Une petite ville thermale sur le lac Harrison, moitié véritable retraite bien-être, moitié folklore de Sasquatch, à une heure et à un monde de distance de Vancouver.

Harrison Hot Springs affiche toute sa personnalité en une dizaine de minutes à peine — une petite ville de villégiature légèrement désuète à la pointe sud d’un long lac glaciaire, des sources minérales fumant tranquillement à une extrémité de la plage publique, et une statue en bois de deux mètres d’un Sasquatch plantée près du parking avec l’assurance d’une mascotte municipale que tout le monde a accepté de prendre à moitié au sérieux. J’ai trouvé cette combinaison totalement désarmante. On ne s’attend pas à ce que des bassins minéraux dignes d’une retraite bien-être et un folklore de cryptide partagent le même code postal, mais Harrison y parvient sans la moindre contradiction apparente.

Une eau qui était là avant tout le monde

Les sources elles-mêmes sont la véritable raison d’être de la ville — de l’eau minérale chaude, dépassant parfois 60 °C à la source, découverte par des colons non autochtones dans les années 1880 mais connue et utilisée par le peuple sts’ailes depuis des générations avant cela. Le bassin public se trouve juste au bord du lac, plus frais et plus décontracté que les bassins privés de la station, et j’y ai passé un long après-midi gris à regarder la vapeur dériver au-dessus de l’eau bien plus froide du lac Harrison, les deux températures refusant visiblement de se mélanger au bord du rivage. Le territoire des Sts’ailes entoure le lac, et les récits de la nation à propos du Sasquatch — ou Sasq’ets, le mot dont le terme anglais est en réalité dérivé — précèdent de loin la version touristique qui vend aujourd’hui des t-shirts en centre-ville.

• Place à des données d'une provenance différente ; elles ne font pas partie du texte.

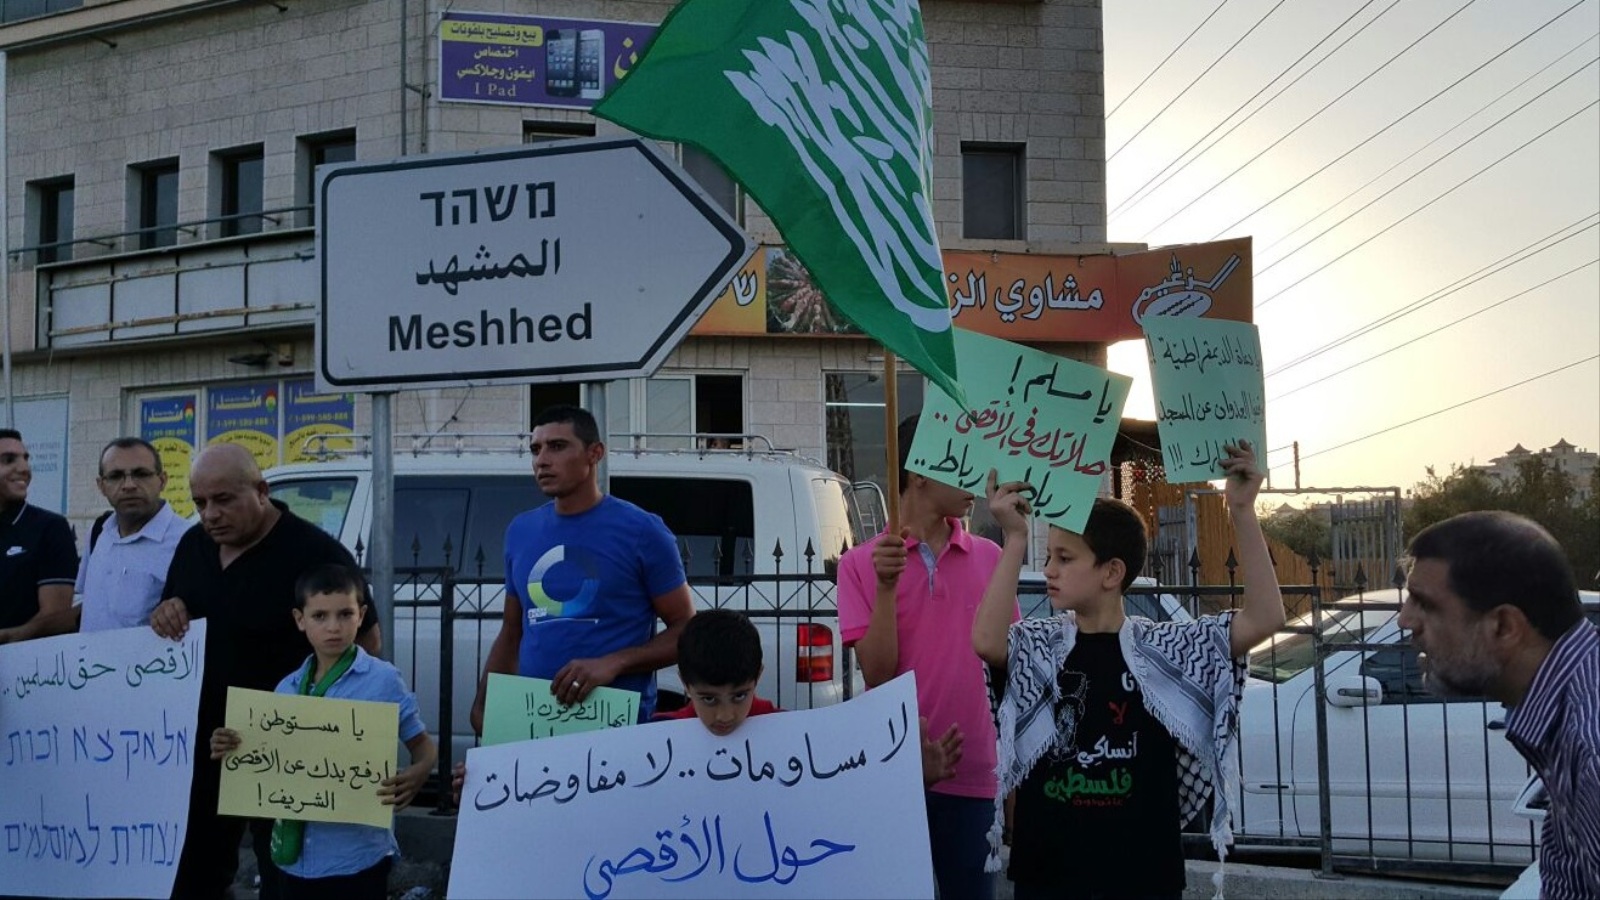 ‪‬ فلسطينيو 48 يرفضون أي مفاوضات والمساومة على القدس والأقصى(الجزيرة)

Ça vaut la peine de connaître la différence avant d’en acheter un.

Vapeur s'élevant du rivage où les sources thermales minérales rencontrent l'eau froide du lac Harrison

Sculptures de sable et un Sasquatch très sérieux

Je me trouvais en ville par hasard pendant le championnat du monde de sculpture sur sable, organisé sur la plage publique la plupart des étés, et c’est une chose réellement étrange à observer — des équipes de sculpteurs passant des jours sur d’énormes structures de sable techniquement absurdes qui auront disparu en une semaine, les marées et la pluie faisant ce que font les marées et la pluie. Lia est restée plantée devant une sculpture de baleine plongeante pendant dix bonnes minutes à essayer de comprendre comment c’était structurellement possible. Personne n’a pu nous le dire. Cela semblait approprié pour une ville qui a bâti une modeste économie touristique sur le chevauchement entre l’eau minérale chaude et un hominidé géant non vérifié.

Sculpture de sable élaborée sur la plage publique de Harrison Hot Springs avec le lac en arrière-plan

Le lac lui-même mérite la visite indépendamment des sources — le lac Harrison est long et en forme de fjord, façonné par les glaciers, avec des montagnes s’élevant abruptement des deux côtés et une couleur qui oscille entre l’ardoise et le vert profond selon la lumière. Une courte sortie en pagaie depuis le quai public en soirée, quand la foule de la station s’est retirée à l’intérieur pour dîner, donne une idée du lac proche de ce qu’il devait être avant que tout cela ne soit construit.

Quand y aller : L’été pour le festival de sculpture sur sable et la baignade dans le lac, même si les sources elles-mêmes attirent toute l’année — un bain chaud sous la pluie, avec la vapeur s’élevant à la fois du bassin et du lac, est peut-être la meilleure version de cette ville.